Materials: Bed, pillow, sheets, and blanket.

Instructions:

  1. Demonstrate how to make the bed, from removing the cover to arranging the pillow.
  2. Encourage children to replicate the process on their own bed.

9. Cleaning Shoes

Cleaning Shoes

Objective: Develop the skill of cleaning shoes.

Materials: Shoes and a brush.

Instructions:

  1. Show children how to clean shoes using a brush and explain its purpose.
  2. Let them practice cleaning their shoes while reciting a fun rhyme.

10. Every Foot in Its Home

Objective: Teach children to put on tights or leggings correctly.

Materials: Children’s tights.

Instructions:

  1. After a nap, ask children to put on their tights by finding the right spot for each foot and pulling them up correctly.

11. Planting Flowers

flowers

Objective: Develop fine motor skills and hand-eye coordination.

Materials: A fabric board with buttons and fabric flowers with buttonholes.

Instructions:

  1. Encourage children to match flowers to the corresponding buttons on the board, reinforcing size and shape matching.

Benefits for Kids

Incorporating these occupational therapy activities at home has significant benefits for kids development.

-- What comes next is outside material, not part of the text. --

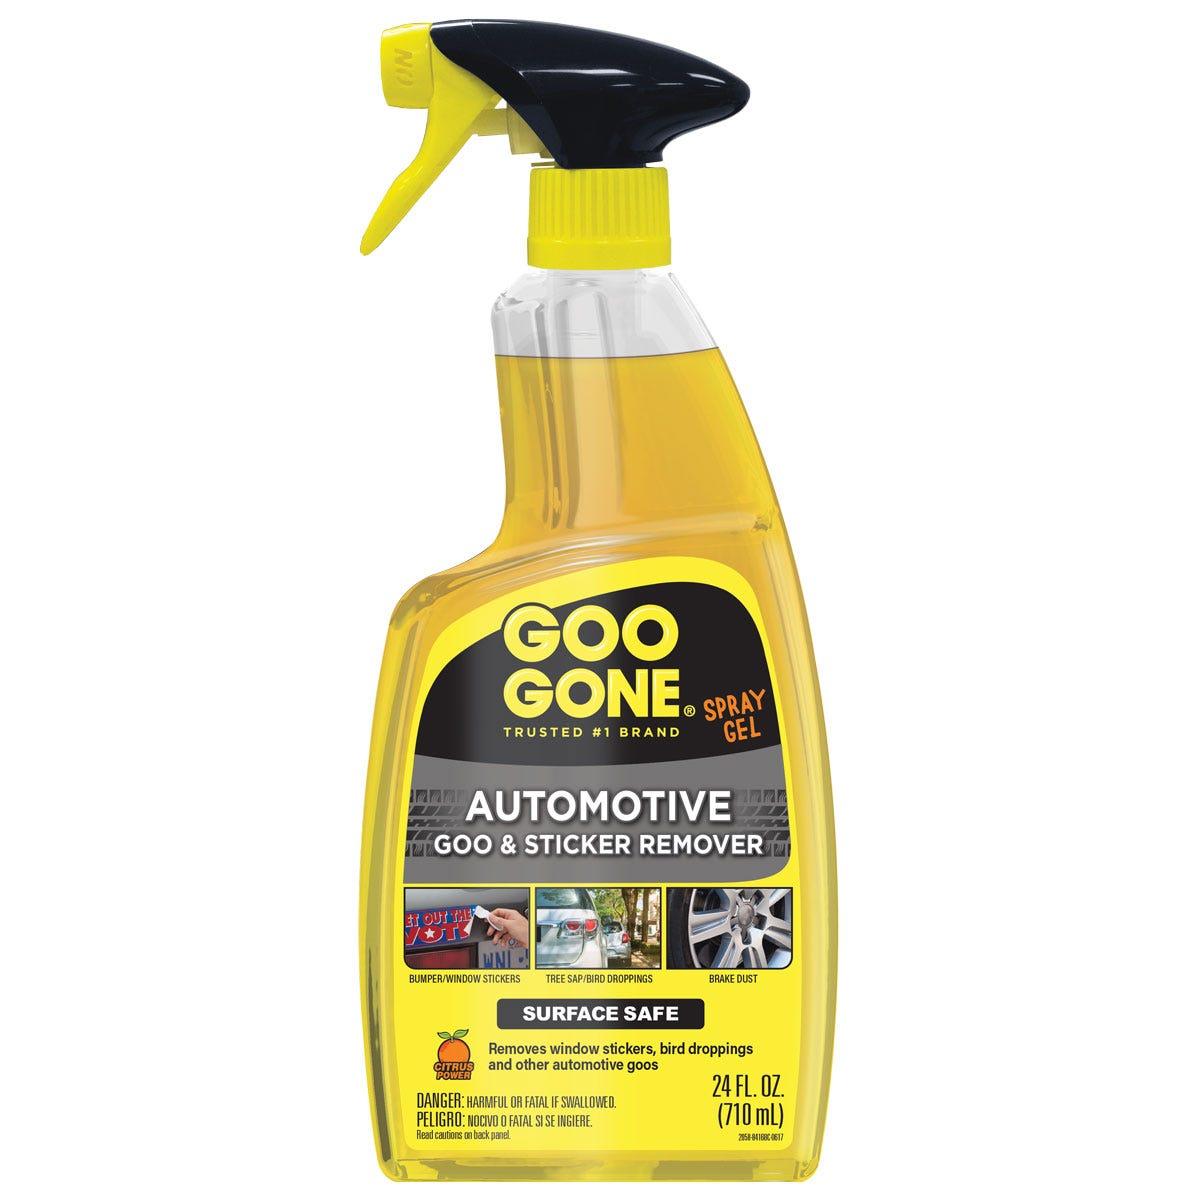 Automotive Goo & Sticker Remover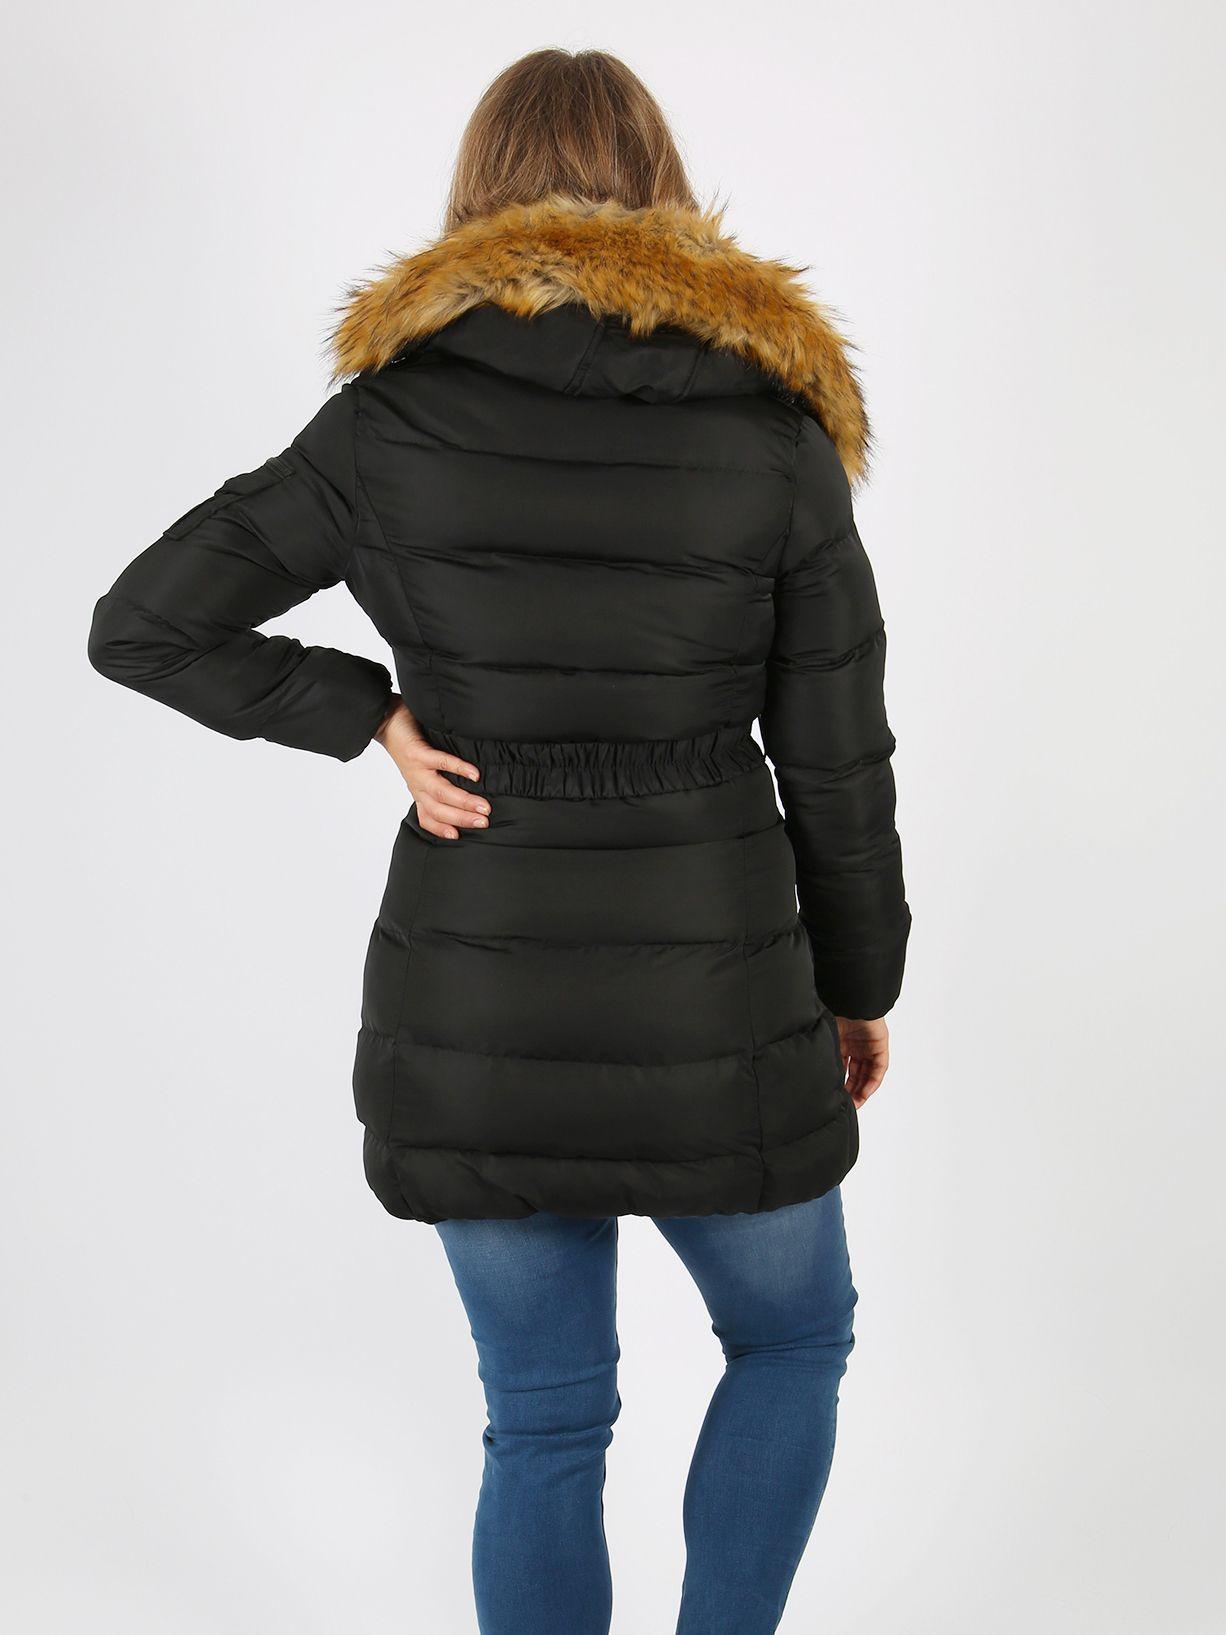 Lovedrobe Black Long Belted Puffer Jacket

These activities foster independence in children, reducing the daily burden on parents and caregivers. Additionally, they enhance children’s readiness for school and social integration.

Occupational therapy groups for kids often emphasize the importance of these activities. By practicing them regularly at home, parents can ensure their children develop essential life skills in a supportive and familiar environment.

Basic functional play activities are an invaluable part of occupational therapy for children. They promote the development of self-care skills, coordination, and cognitive abilities, preparing children for a more independent and successful future. For parents, integrating these activities into daily routines provides immense benefits, fostering a supportive environment for children’s growth and development.